Halihazırda Covid-19 salgını için en yüksek risk kümelerinden biri olan bu hastaların, klinik ziyaretlerinde “Covid-19 kapma korkusu nedeniyle” besbelli düşüşler yaşandı. Araştırmaya nazaran aksaklıklar, hastalığın ilerlemesi ve alevlenmesi risklerini birlikte getirebiliyor.
Kalp krizi geçiren hastaların neredeyse yarısı hastaneye başvurmadı
Sıhhat Bakanlığı tarafından paylaşılan datalara nazaran, Türkiye’deki ölümlerin yüzde 86’sı kalp damar hastalıkları, diyabet, kanserler, kronik teneffüs yolu hastalıklarının oluşturduğu bulaşıcı olmayan hastalıklardan kaynaklanıyor.
Türkiye’de tüm yaş kümeleri için her iki vefattan biri kalp damar hastalıklarına bağlı olarak gerçekleşiyor.
Türk Kardiyoloji Derneği’nin bir araştırmasına nazaran pandemi periyodunda Türkiye’de hastaneye başvuran kalp krizi hasta sayısı, pandemi evvelki devirde yapılan birebir çalışmaya kıyasla yüzde 47,1 oranında azaldı. Pandemi periyodunda kalp krizi geçiren hastaların neredeyse yarısı hastaneye başvurmadı.
WHO tarafından yapılan Pulse Survey anketi, Covid-19 devrinde ülkelerin sıhhat sistemlerinde yaşanan aksaklıkları mercek altına alıyor.

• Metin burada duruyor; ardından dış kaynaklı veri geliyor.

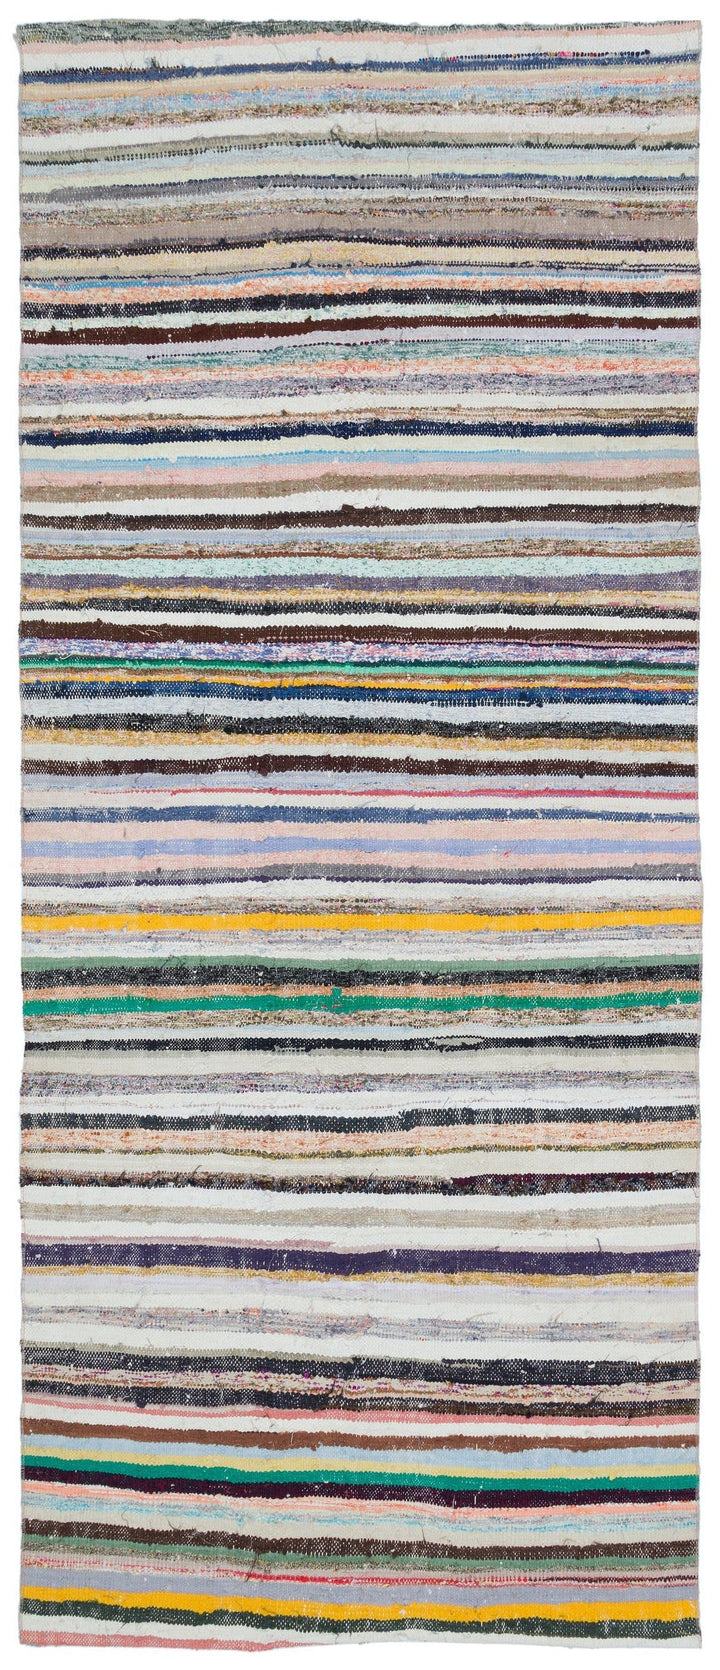 Cretan Beige Striped Wool Hand-Woven Rug 141 x 334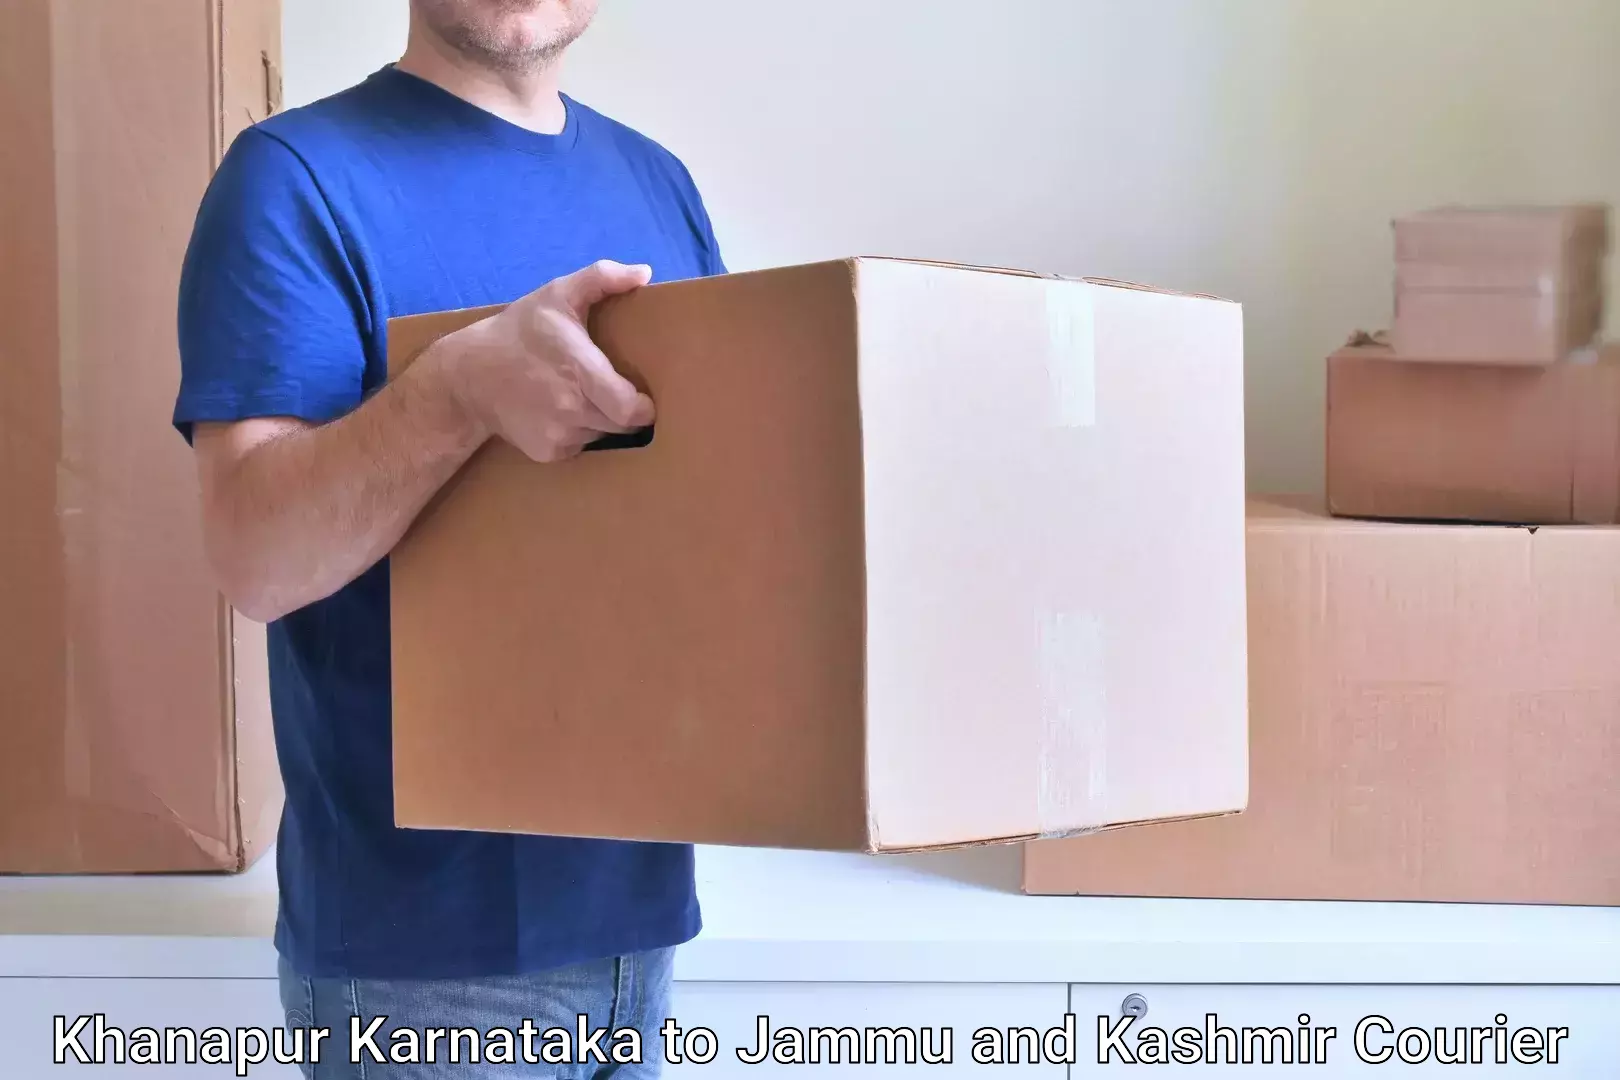 Efficient cargo handling Khanapur Karnataka to Kupwara

Geçen Nisan ayında ikinci raundu yapılan ankete katılan 135 ülkenin yüzde 95’inde temel sıhhat hizmetlerinin Covid-19 nedeniyle aksadığı belirtiliyor.
Aksayan hizmetler ortasında hayat kurtaran acil müdahaleler, kritik ve cerrahi müdahaleler de var. Buna rağmen 2021’de 2020’ye nazaran kesintilerin azalma tespit edildiği de notlar ortasında.
Türkiye ankete katılan ülkeler ortasında değil. Buna ek olarak Türkiye İstatistik Kurumu (TÜİK) nizamlı olarak paylaştığı vefat nedeni istatistiklerini pandemi başladığından beri açıklamadı.
- BBC Türkçe’nin koronavirüs araştırması: 11 vilayette 8 ayda yaklaşık 11 bin ek vefat var, artış beklenenin üzerinde
- AB sıhhat yetkilisinden ihtar: Omicron varyantı yeni bir pandemiye yol açabilir
- Doktor dışı sıhhat çalışanına yüzde 20 artırım yapılırken, hekimlerin maaşları düşürüldü mü?
Bunların bir kısmının ertelenmiş sıhhat hizmetleri nedeniyle olduğunu düşündüklerini söylüyor.
Uzmanlar Covid-19’un gerek hastalar gerek sıhhat hizmetleri için faturası ağırlaşmaya devam edebileceği ihtarında bulunuyor.